So am a bit behind in being on top of my ->SQL based conversion (I'm
assuming i'm in an older format.  I just ran the convert tool to convert
from 2.x format to 3.x. 

Assuming it is some sort of berkeley db format, what is a good
cut-over size as a "rule-of-thumb"...or is there?  What should I
expect in speeds  for "sa-learn" or spamc?  I.e. -- is there a
rough guideline for when it becomes more effective to use SQL
vs. the Berkeley DB?  Or rephrased, when it is worth the effort to
convert to SQL and ensure all the SQL software is setup and running?

Thanks...and thanks for the help/patience

BTW -- maybe this should go to the "sa-dev" list, but an RFE:

"spamassassin --lint":

   1) would be nice to mention if daemon is _RUNNING_ and  ready
to process messages; (user error: forgetting to restart daemon and
seeing no "--lint" message hinting that the daemon isn't running and
ready to process incoming mail--*duh*)
   2) Would be nice, especially in "--lint" to check for bogus
lock files left around in spam DB dir.  I don't know when these files
are used, but their presence really slows down sa-learn by about a
factor of 4-6x.

"sa-learn":
   1) RFE: have sa-learn issue warning about pre-existing lock-files,
or, better,  auto-remove bogus locks for processes that no longer exist.

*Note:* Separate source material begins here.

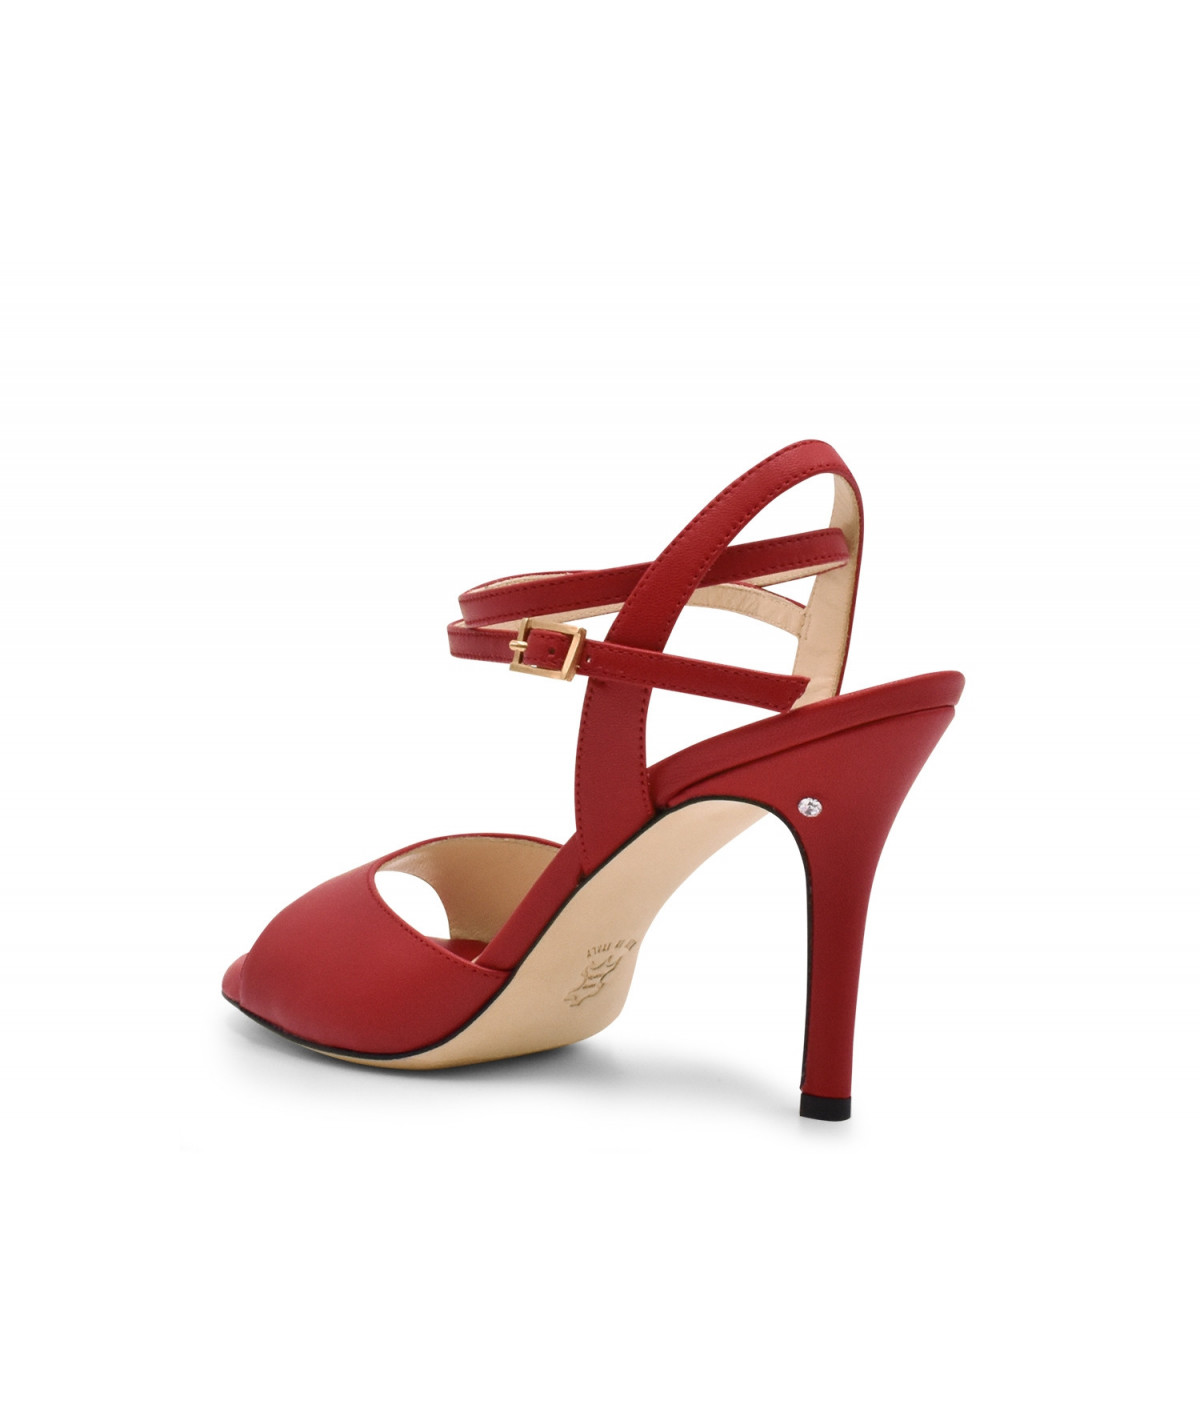 Madame Pivot - Cherie - Red Leather - Sandrina Dh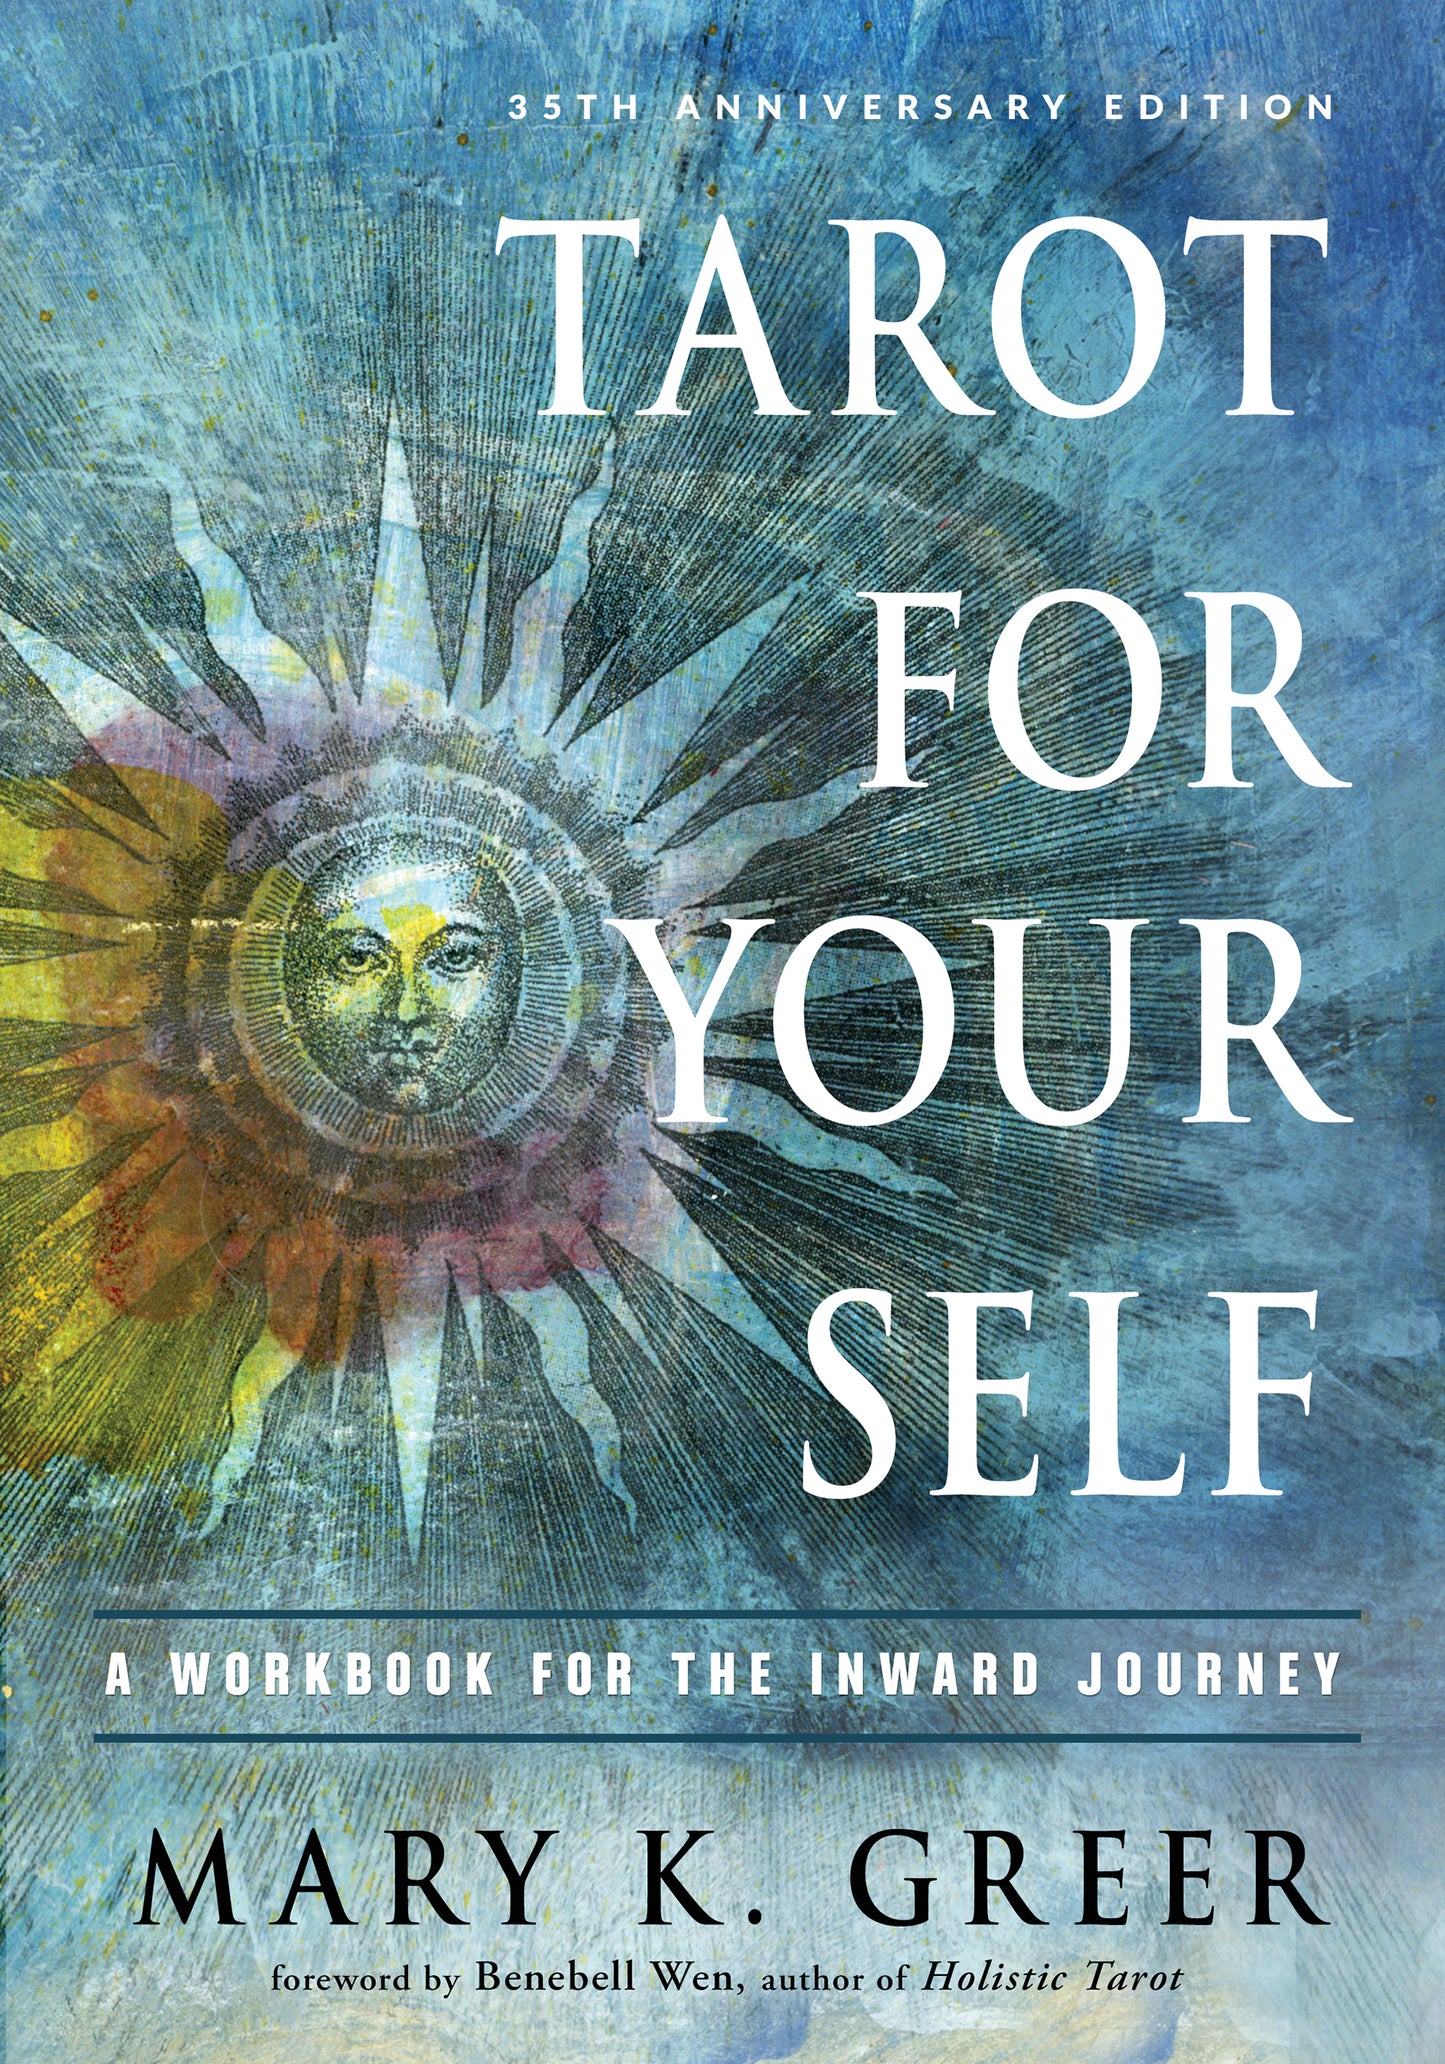 Tarot For Your Self: A Workbook for the Inward Journey by Mary Greer

Re: when to SQL; RFE's (to dev?)

Posted by Michael Monnerie <m....@zmi.at>.

On Montag, 31. Oktober 2005 03:15 Linda Walsh wrote:
> Still am not sure what size system (or user) db's should trigger
> usage of "SQL".  Any reason why user DB's would hurt performance
> over a system DB using Berkeley format?  Supposing I have no system
> DB and am only using user DB's?  What if it is a small group 3-4
> people? Is it an issue of having to read in the DB with each email /
> user and the system DB might hang around in memory?  Does the system
> DB get some preferential treatment?  I.e. if one user gets 80% of the
> email, will SA operate as though it is using a system DB?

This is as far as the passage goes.